The Hohe Brücke wasn’t the first to grace this spot. A predecessor called the Bergstraßenbrücke existed. It ran straight across the tracks to Plauenscher Platz. But the 1892 expansion of the main train station changed everything. The tracks were raised. The Strehlener Straße became the Bismarckstraße (now Bayrische Straße). The old route was impractical.

So down came the Bergstraßenbrücke. The Hohe Brücke replaced it. Built slightly west of the old bridge it connected the Bismarckstraße to the railway lines. The eastern section of the Bergstraße became Kohlschütterstraße. The Hohe Brücke received its official name in 1894. It was named after the nearby Hohe Straße.
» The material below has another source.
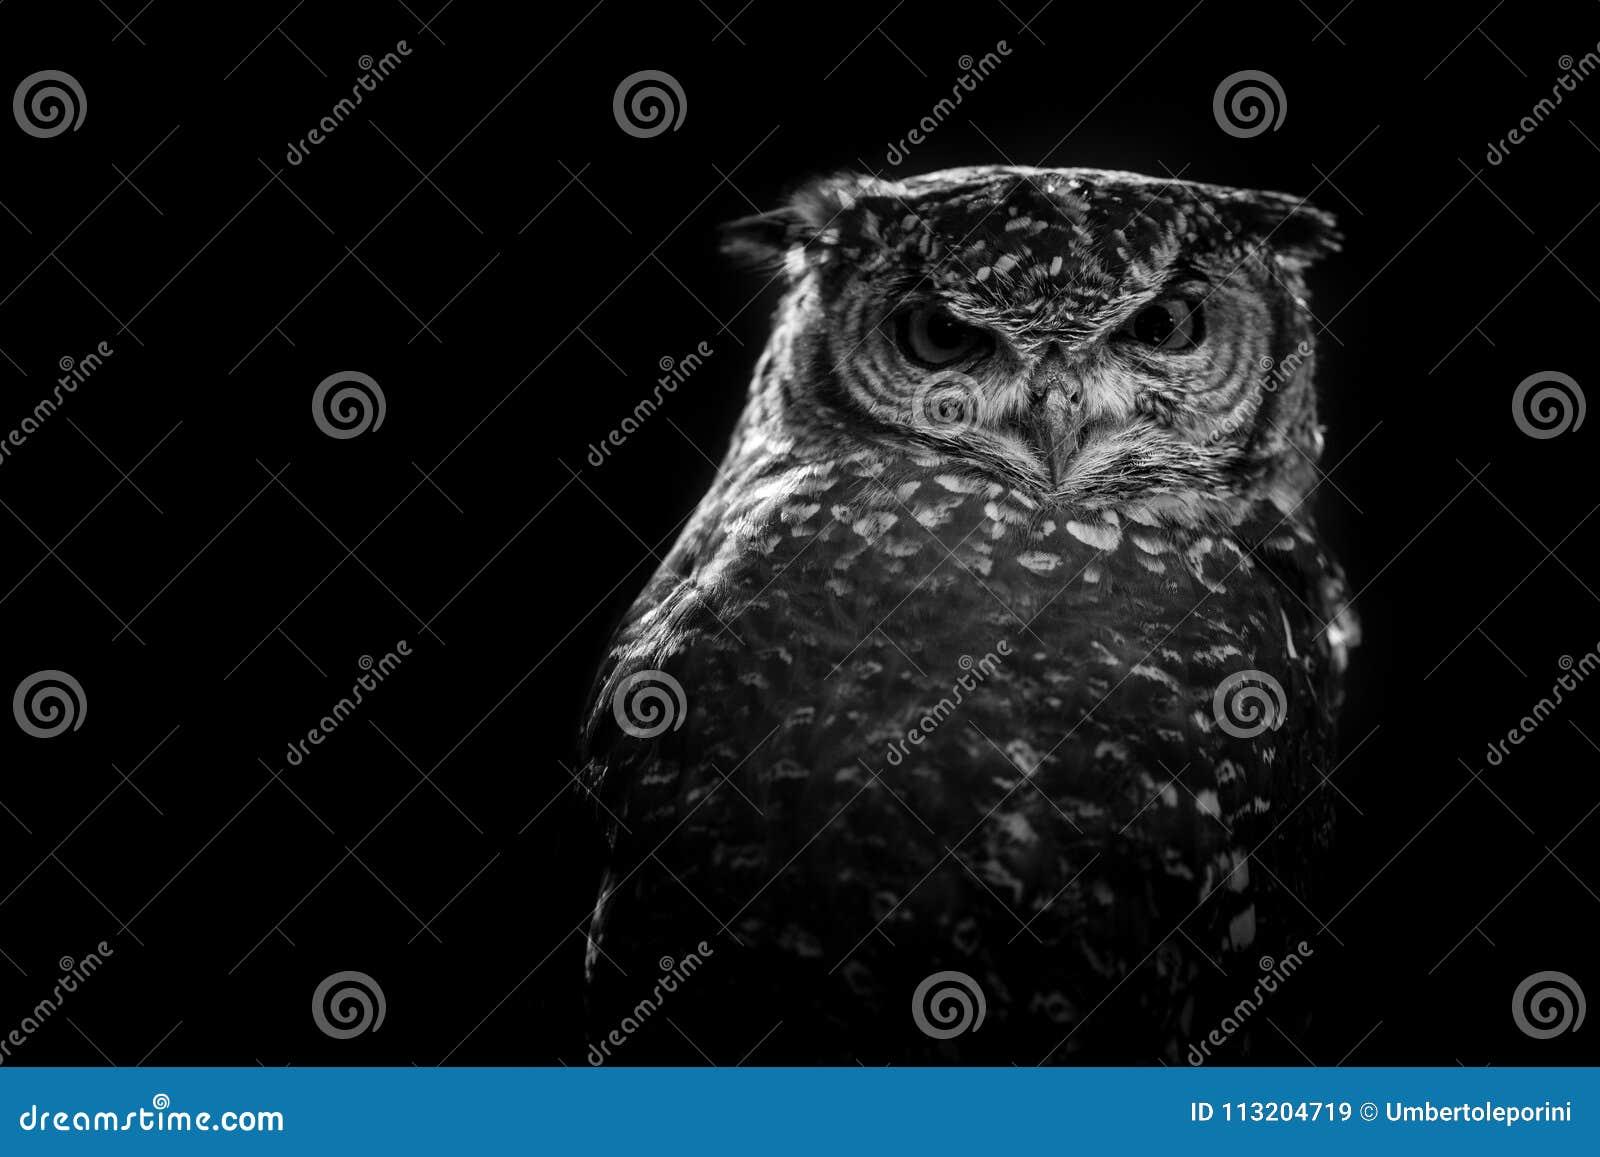 Afrikaans uil zwart-wit beeld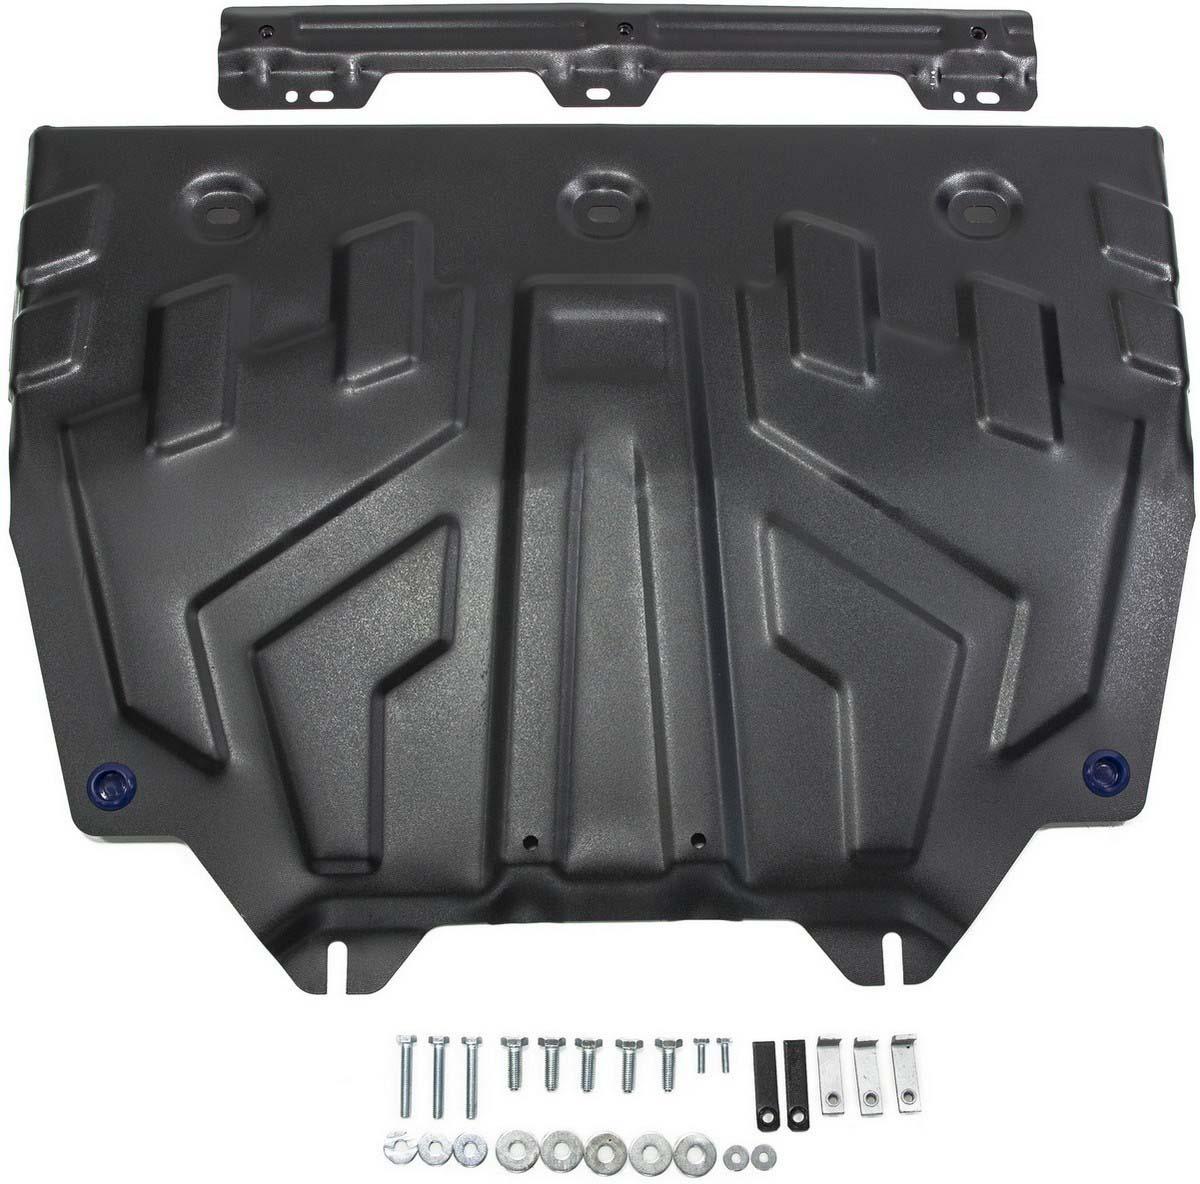 Защита картера и КПП Rival (увеличенная) для Mazda 3 BM 2013-2018/6 GJ 2012-2015 2015-2018 2018-н.в./CX-5 I, II 2011-2015 2015-2017 2017-н.в./CX-9 II 2017-н.в., сталь 2 мм, с крепежом. 111.3817.1 blue fuel injector nozzle l3k9 13 250 for 2006 2013 mazda 3 6 cx 7 2 3l l3k913250

A horse-drawn tram used the Bergstraßenbrücke from 1890. This line ran from Bergkeller in Rücknitz to Dippoldiswalder Platz. After 1894 it used the Hohe Brücke. There was even a branch line to Bismarckplatz. The line was electrified in 1899. But by 1933 only the section between Dippoldiswalder Platz and the Hohe Brücke remained operational. The Rücknitz line was closed. The last tram rattled across the Hohe Brücke in 1945.

The Hohe Brücke’s final chapter began in the 1960s. The railway lines were being electrified. The bridge was too low. It couldn’t accommodate the new overhead wires. So it was demolished. The Chemnitzer Brücke and the Falkenbrücke shared a similar fate. In their place rose the Budapester Straße bridge. It’s part of a new road system. The old Plauenscher Platz and Kohlschütterstraße vanished. The new design connected Budapester Straße to Ammonstraße.

Today only fragments remain. A portion of the abutment by the Bayrische Straße still stands. Parts of the bridge head survive as well. These quiet stones are all that’s left of the Hohe Brücke. They silently remind us of Dresden’s ever changing landscape. A bridge may disappear. But its story lives on.